We can only assume he flew out the open door.Or he is waiting for nighttime again to start flying around the house. I was busy cleaning and doing wash today and if he was in there he did not make his presence known to me.
I am just hoping none of his relation feel the need to visit as well.
Nothing personal,but I prefer people guests instead of a bat.
So the waiting begins!!!!!!!!

Friday, August 8, 2008

Grrrr



Ever had a time in your life when you feel like a big ole grizzly bear?You just want to lash out at anyone who who crosses your path?Well that would be me these past few weeks.

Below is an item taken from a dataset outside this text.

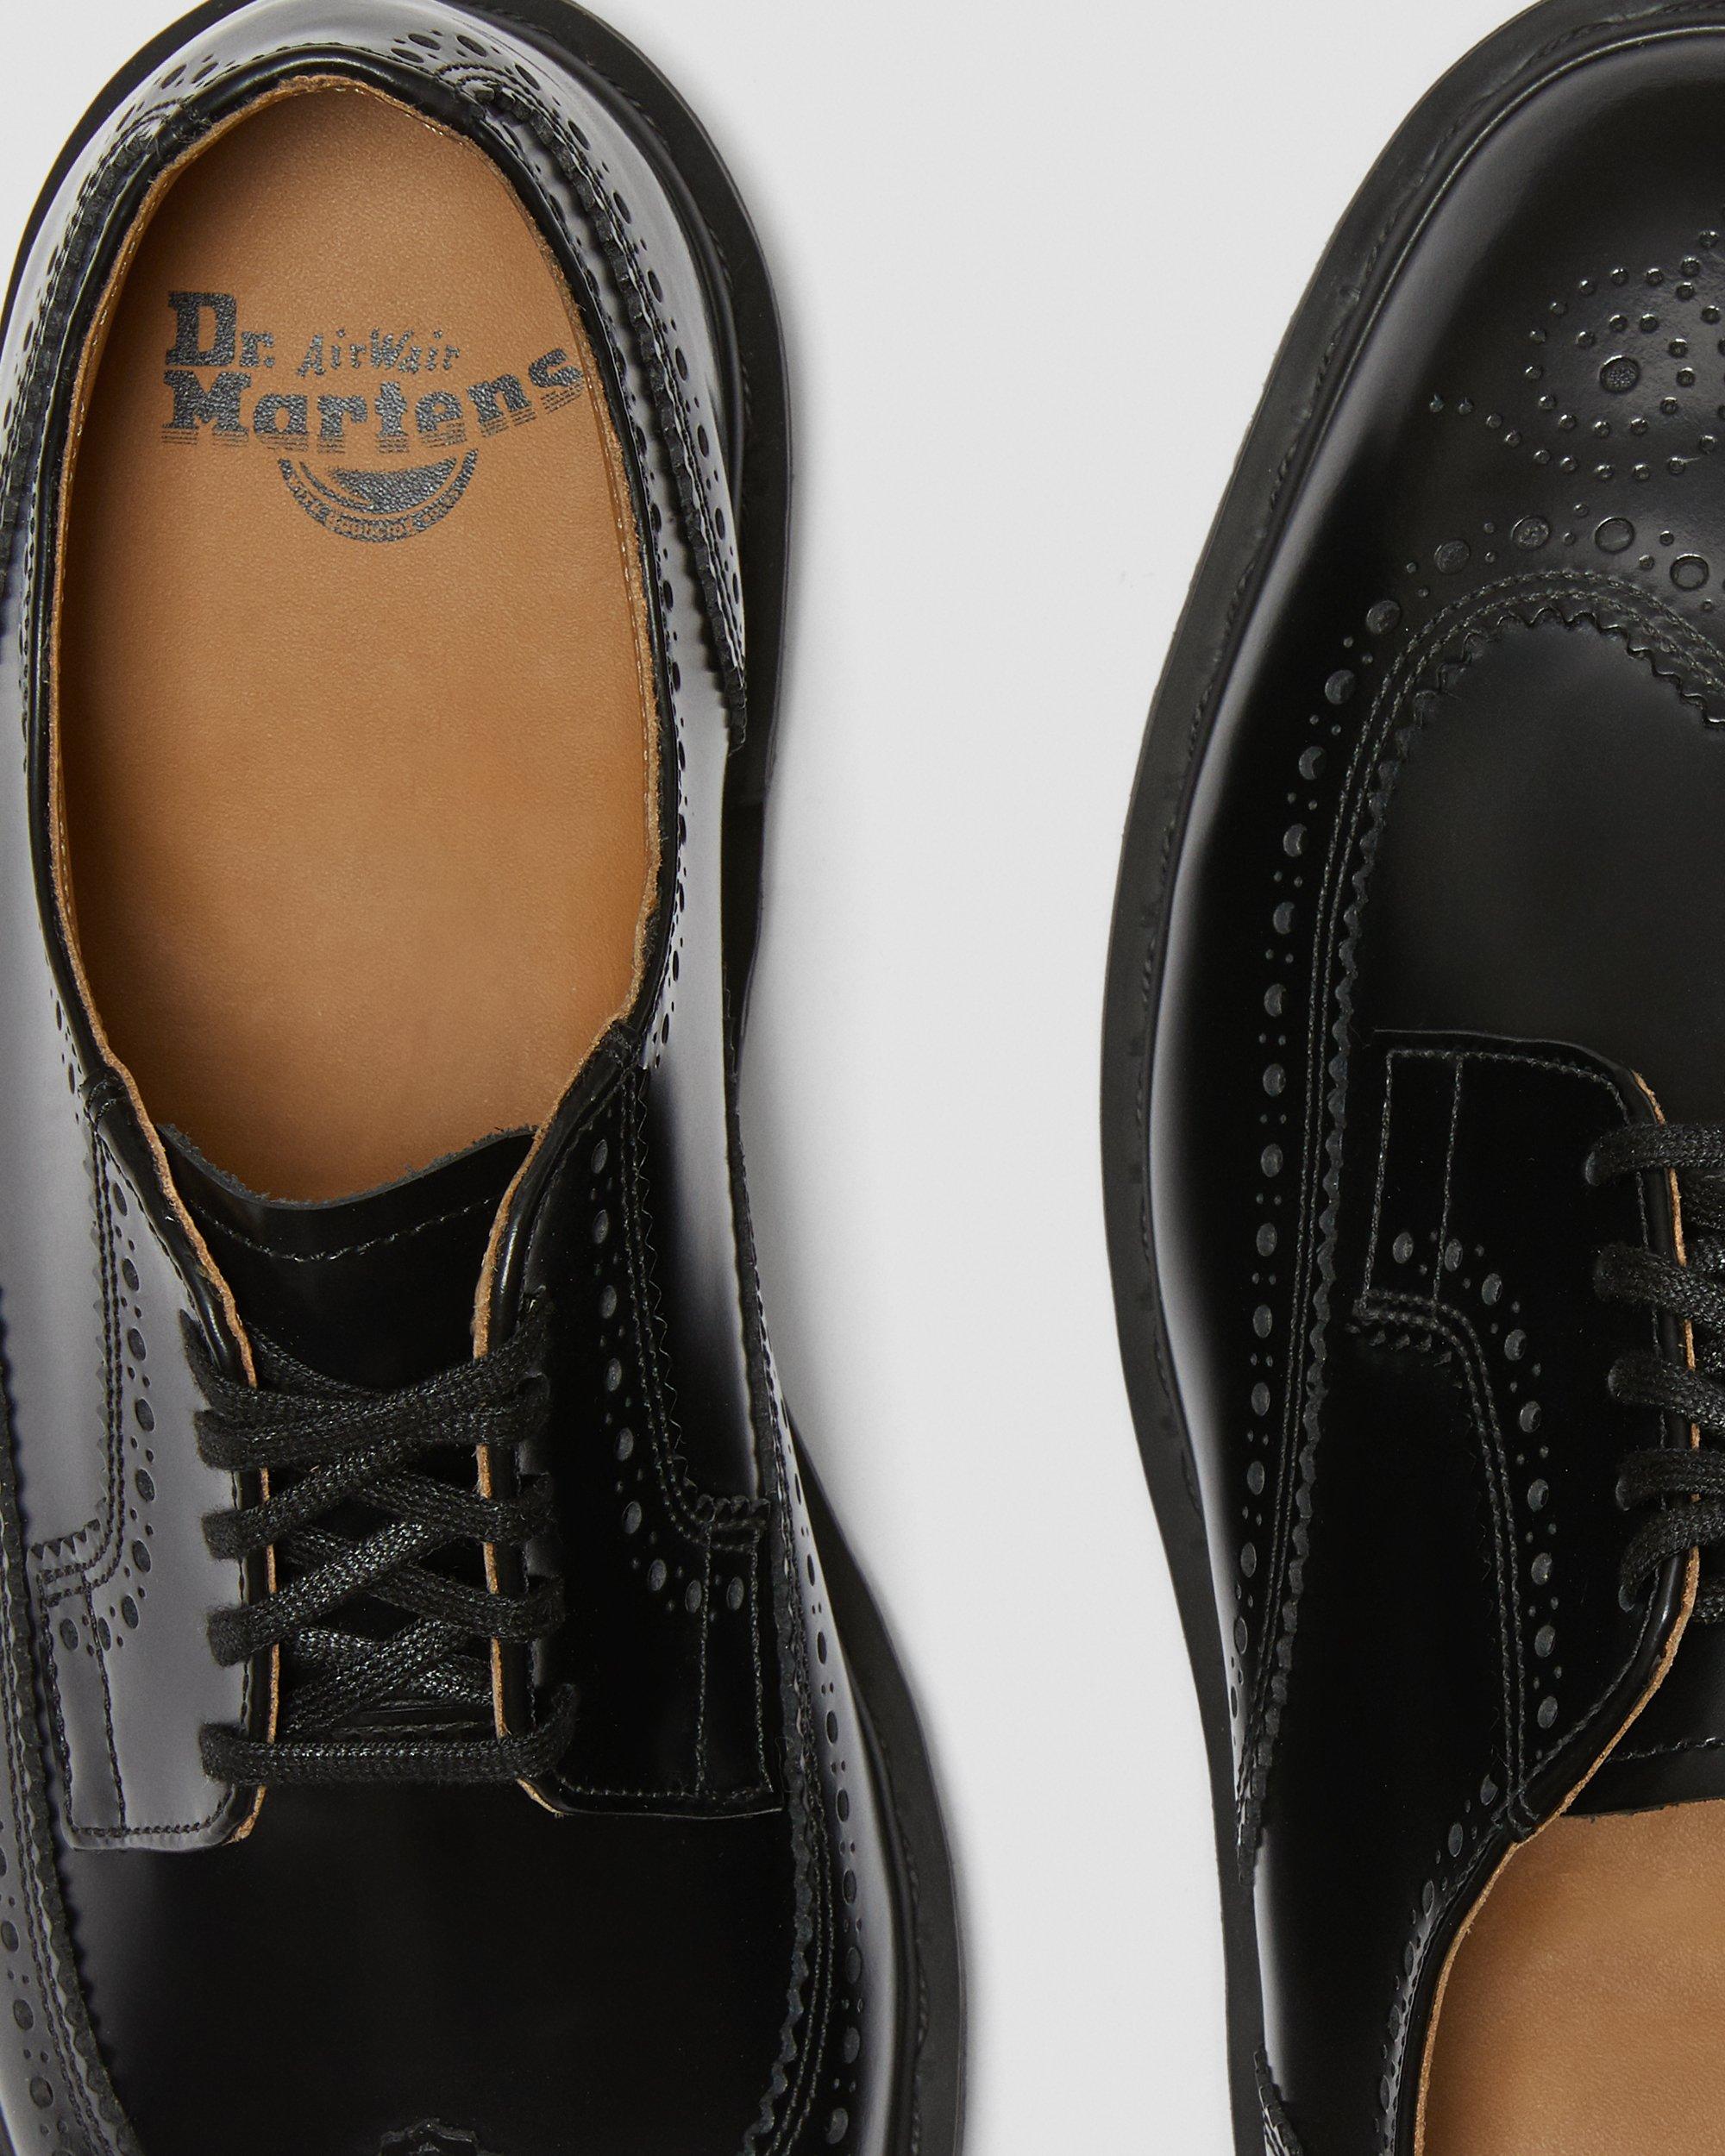 DR MARTENS KELVIN II SMOOTH LEATHER BROGUE SHOES

And I get so dang mad at myself for feeling this way.
I look around at the many blessing around me,and do not have to look far either.I read post of you out there who are frustrated with the slow process of adoption.The challenges of ropes to jump through.And I think what do I have to be unhappy about.
I have a job I enjoy, great friends, a nice home.So why the pity party.
I just pray that God continues to bless me and I think of one of my favorite songs
You are my all in all.

You are my strenght when I am weak.
You are the treasure that I seek
You are my all in all
Seeking you as a precious jewel
Lord to give up I'd be a fool
You are my all in all

TAKING MY SIN,MY CROSS ,MY SHAME
RISING AGAIN I BLESS YOUR NAME
YOU ARE MY ALL IN ALL
(now the words that almost always leave me in tears)
WHEN I AM DOWN YOU FILL ME UP,
WHEN I AM DRY YOU FILL MY CUP
YOU ARE MY ALL IN ALL
Think of it, when I am down you pick me up,what a great and wonderful gift that is.
I so often feel I am so undeserving of his love.However he is with me always.He will fill my cup.Fill me with his love.He forgives me when I turn my back on him.He loves me unconditionally.Do I deserve this????? No,but what a great gift it is.
May he pick you up when you are down,like he does me.
May your weekend be as wonderful as you are.
My you feel the love of God surround you like it surrounds me.
Blessings..........
Mr.Brian

Sunday, August 3, 2008

Hope.


So I am thinking ahead some,but if it helps!!!!
At 4:30 p.m. on this Sunday afternoon it is 97 degrees with a heat index of 117 degrees.
I know I should not complain as I got an email earlier in the week. We need to be thinking of our troops in Iraq where temps were to be in the 120's.And with all their gear they wear I guess I best not complain as I have my a.c. on and a fan blowing on me.
We never need to look far to know there are others who are in a worse predicament then we are.
Wishing you a fresh new week of joy and happiness.